= Deepak Srivastava =

President and Senior Investigator, Gladstone Institutes

Deepak Srivastava (born May 14, 1966) is the president of Gladstone Institutes, where he is also a senior investigator and the Robert W. and Linda Mahley Distinguished Professor. Additionally, he is director of the Roddenberry Stem Cell Center at Gladstone. At UC San Francisco, with which Gladstone is affiliated, Srivastava is a professor in the Department of Pediatrics and the Department of Biochemistry and Biophysics. He is also the Wilma and Adeline Pirag Distinguished Professor in Pediatric Developmental Cardiology, and an attending physician in pediatric cardiology at UCSF Benioff Children's Hospitals.

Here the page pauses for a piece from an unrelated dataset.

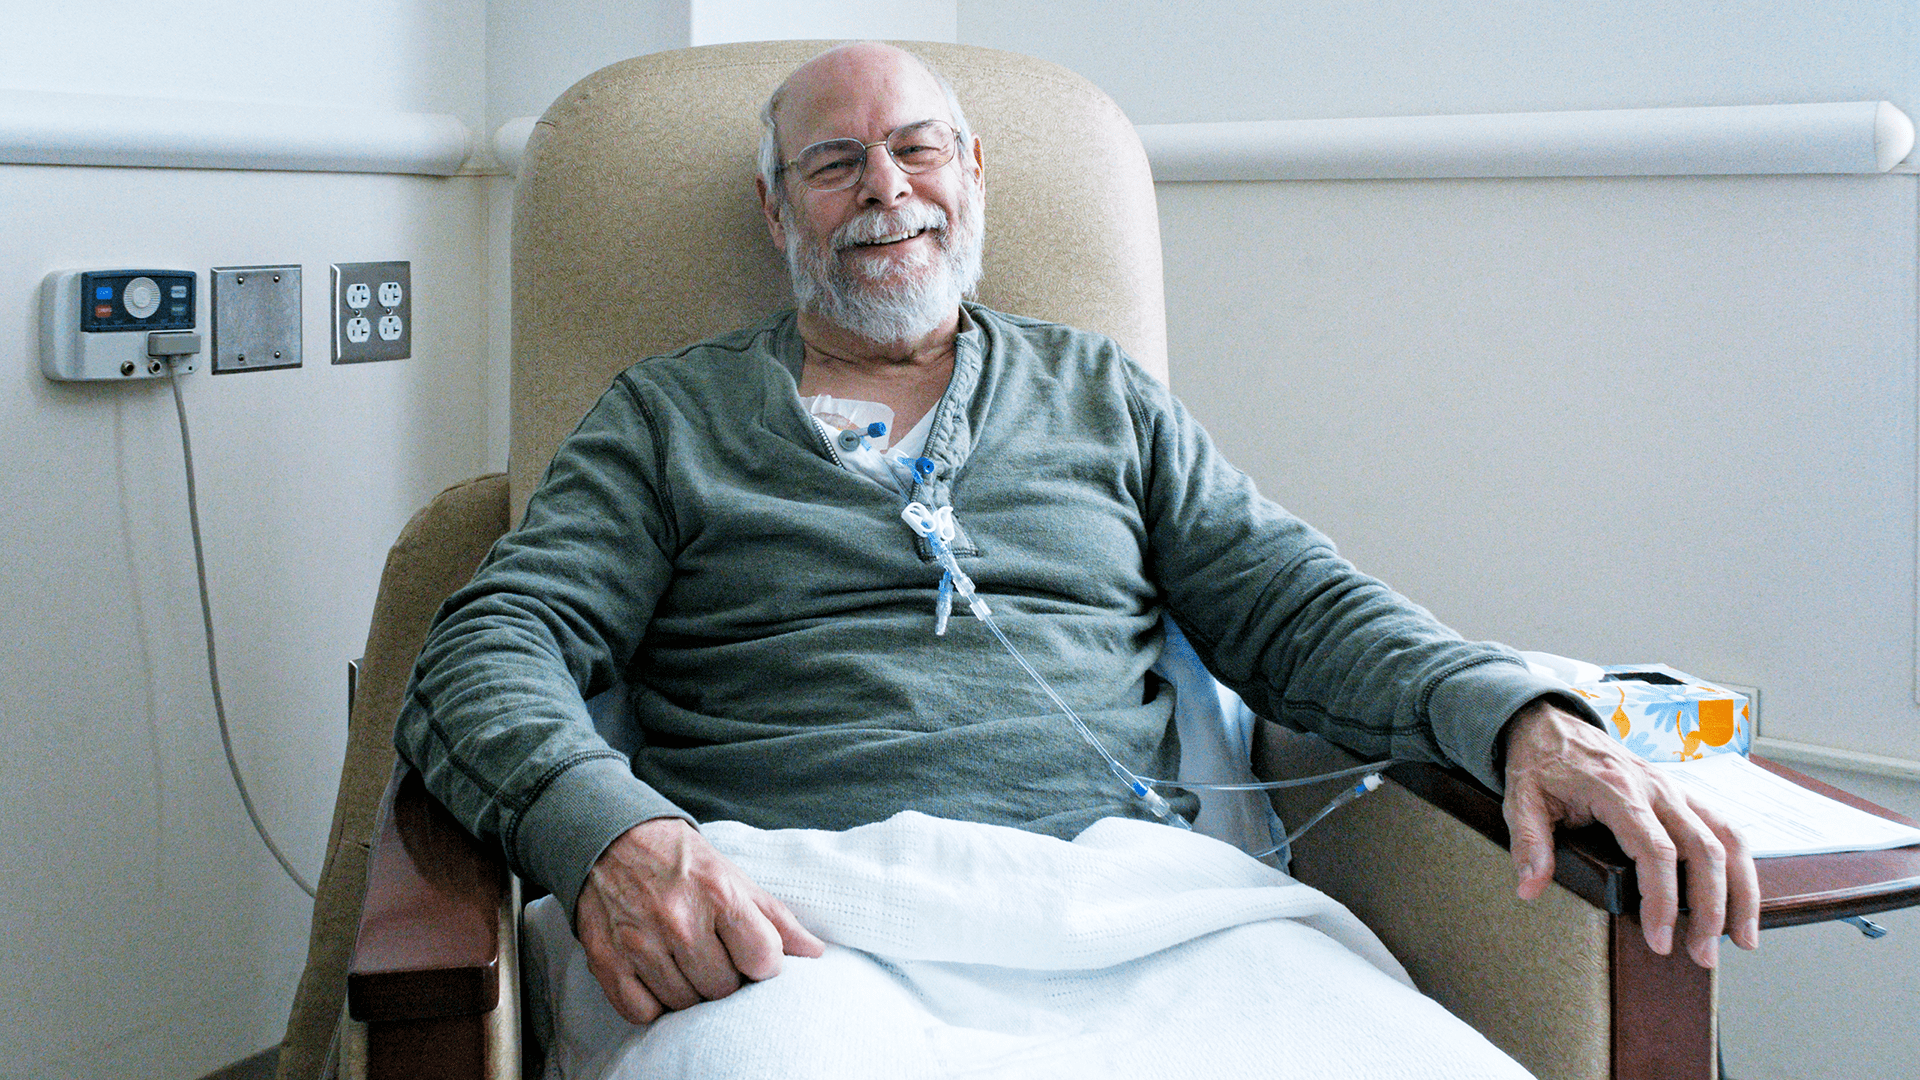 A smiling senior man sits in a chair receiving cancer treatment.

Srivastava's laboratory focuses on understanding the causes of heart disease and on using knowledge of cardiac developmental pathways to devise novel therapeutic approaches for human cardiac disorders.

== Early life ==
Born in India, Srivastava immigrated to the United States with his father, a biochemist, his mother, a teacher, and his two older sisters when he was under one year of age. The family settled in Los Angeles, where Srivastava's father had joined the faculty at City of Hope Medical Center. Eight years later, they moved to Texas so his father could accept a professorship at the University of Texas Medical Branch in Galveston.

== Education and early career ==
Srivastava completed his schooling in Texas, earning a bachelor's degree in biochemistry at Rice University. Citing an early interest in medicine and wanting to help people, Srivastava went on to earn his medical degree at The University of Texas Medical Branch. It was during medical school that he became interested in genome regulation and its link to disease. He performed his residency in pediatrics at UC San Francisco and, mentored by notable professors such as Larry Shapiro, Abraham Rudolph, and Julien Hoffman, solidified an interest in pediatric cardiology.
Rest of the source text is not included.